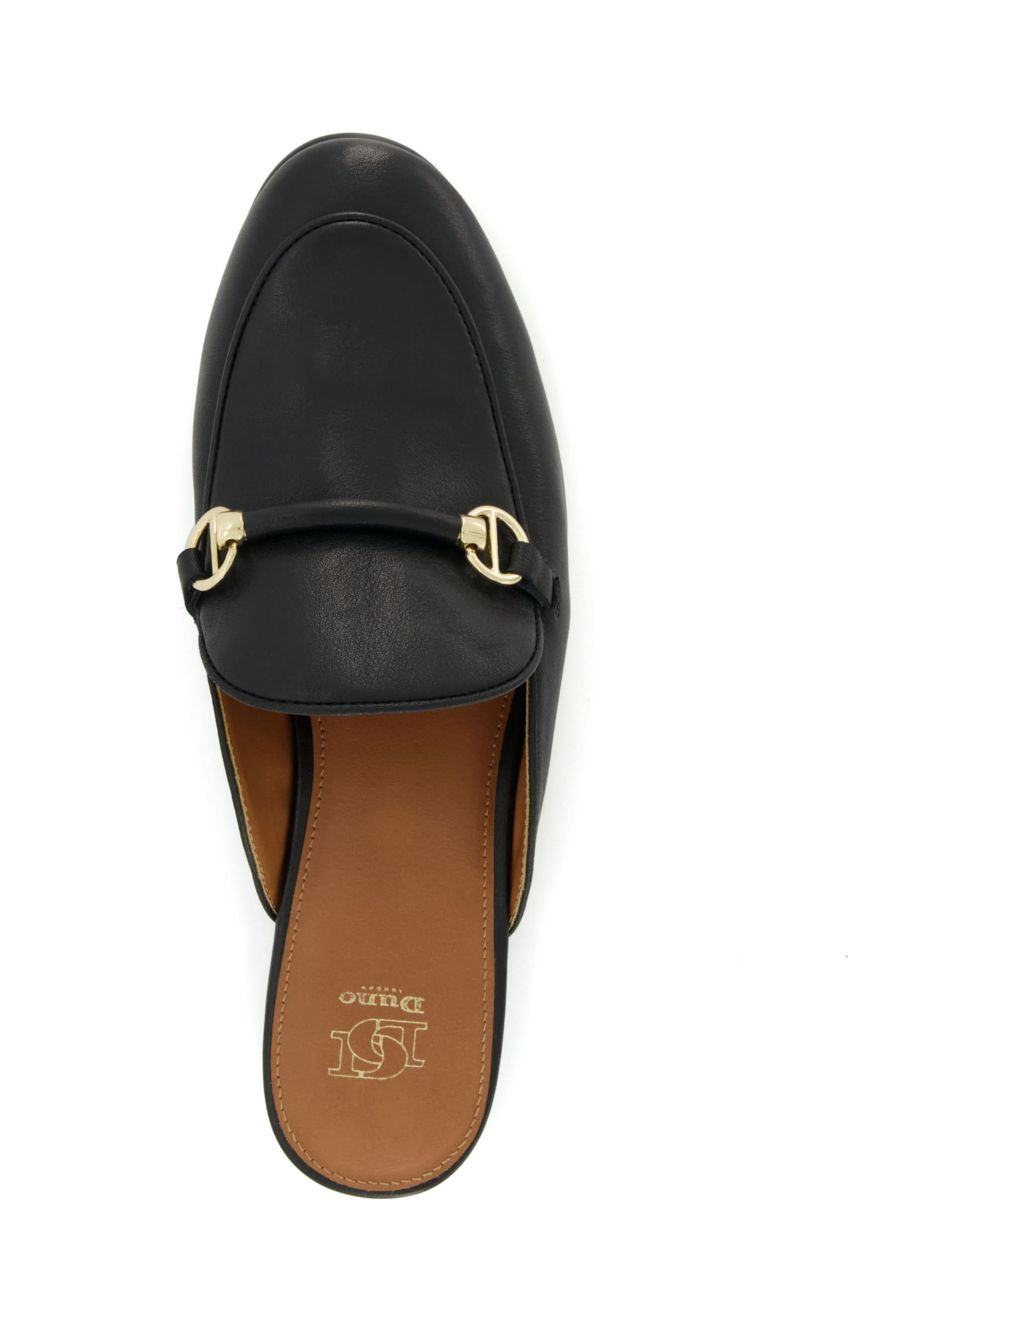 Leather Ring Detail Flat Loafers image 4
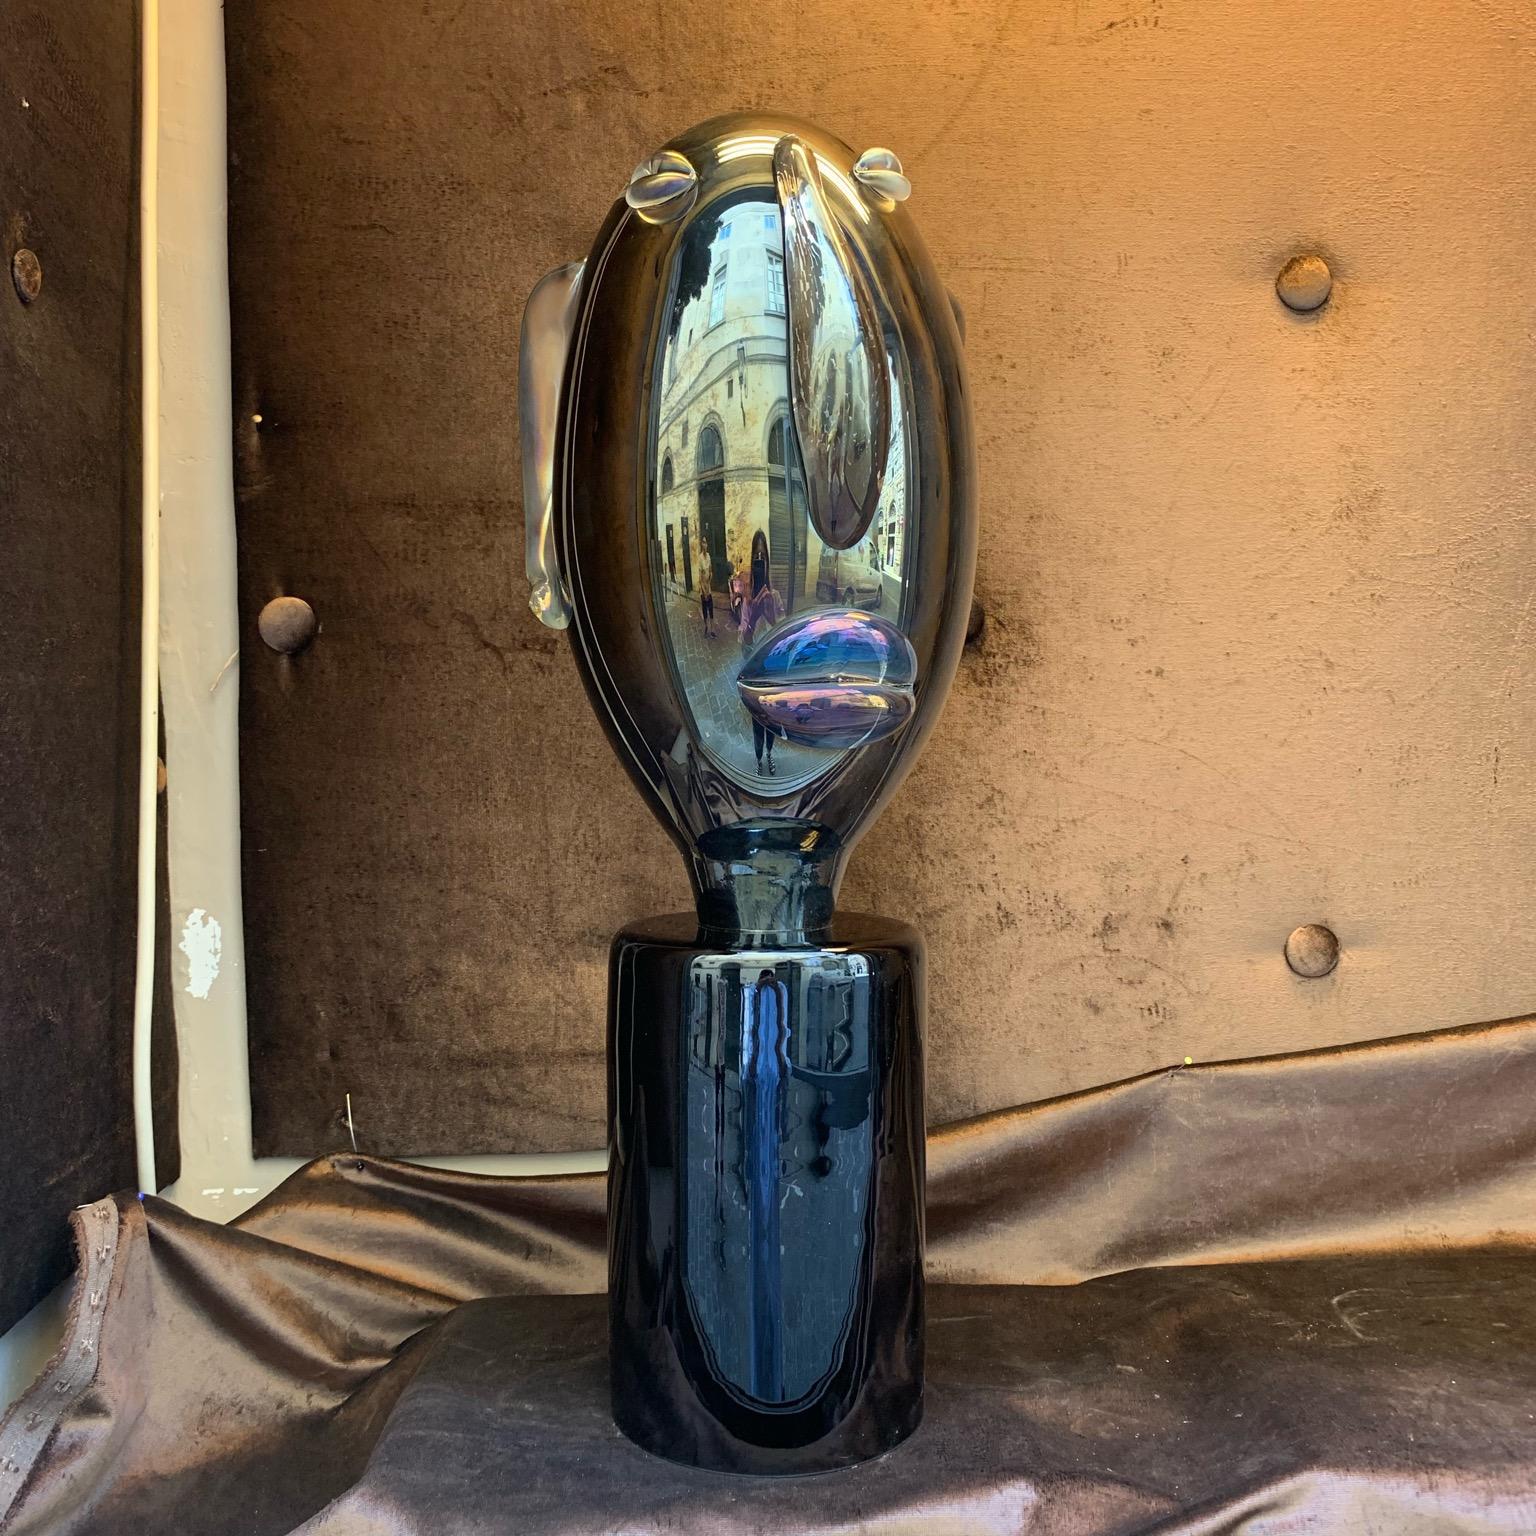 Modernist Murano glass sculpture head shaped Picasso style on black glass round base. The elongated head is in mirrored and iridescent Murano glass. The pair is available. Measurements of the base: diameter cm 17 x height cm 24.
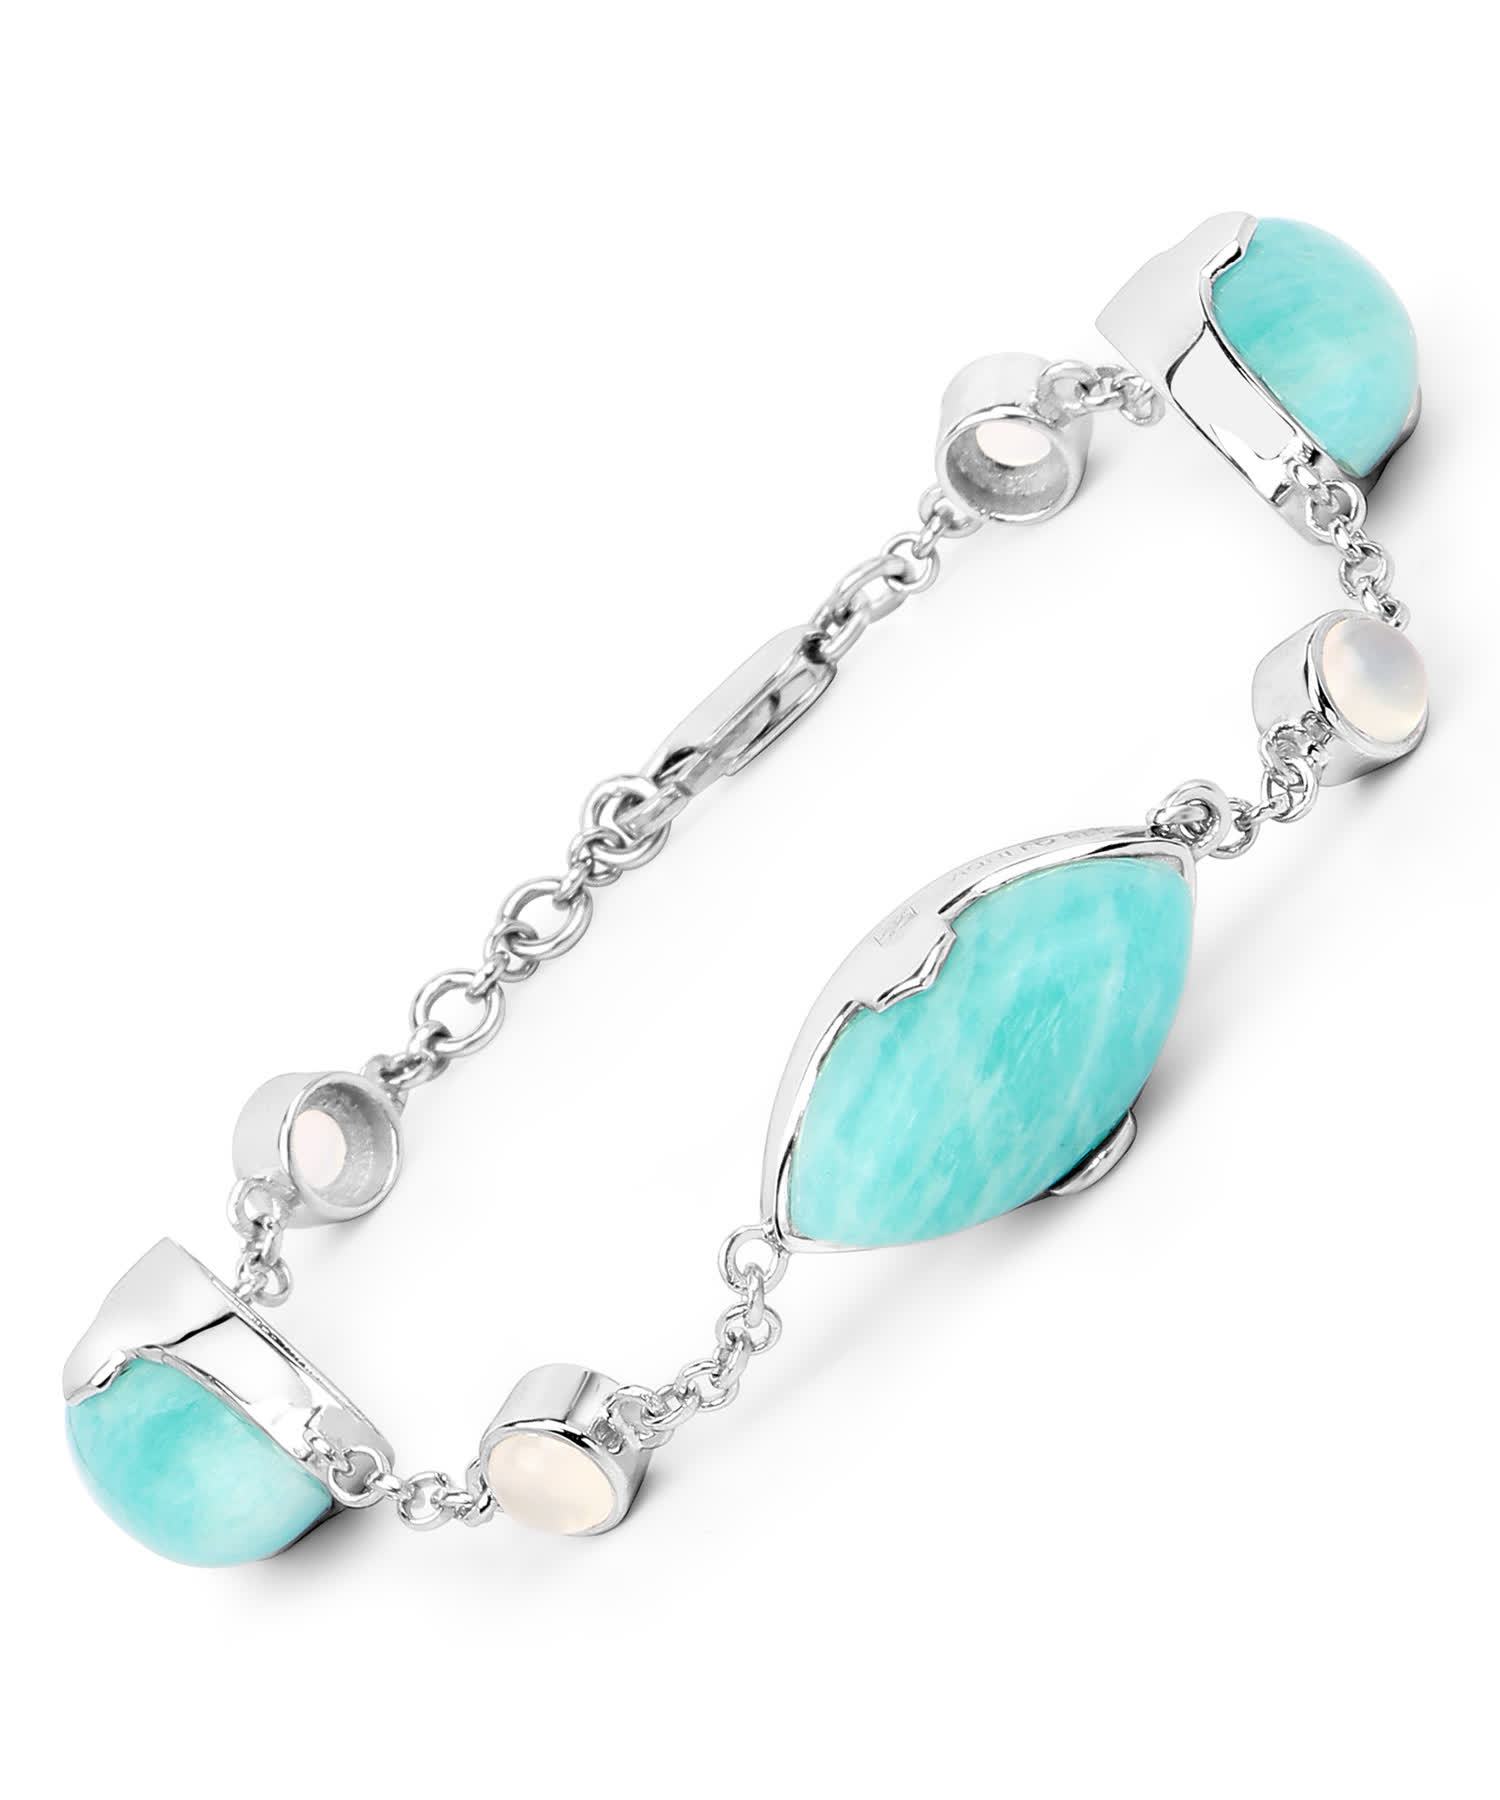 29.70ctw Natural Amazonite and Agate Rhodium Plated 925 Sterling Silver Link Bracelet View 1

- About this exercise: Each line of the material goes into your copy unchanged, but no picture does.

- Your response:
 Leather Ring Detail Flat Loafers image 4
 Modernist Murano glass sculpture head shaped Picasso style on black glass round base. The elongated head is in mirrored and iridescent Murano glass. The pair is available. Measurements of the base: diameter cm 17 x height cm 24.
 29.70ctw Natural Amazonite and Agate Rhodium Plated 925 Sterling Silver Link Bracelet View 1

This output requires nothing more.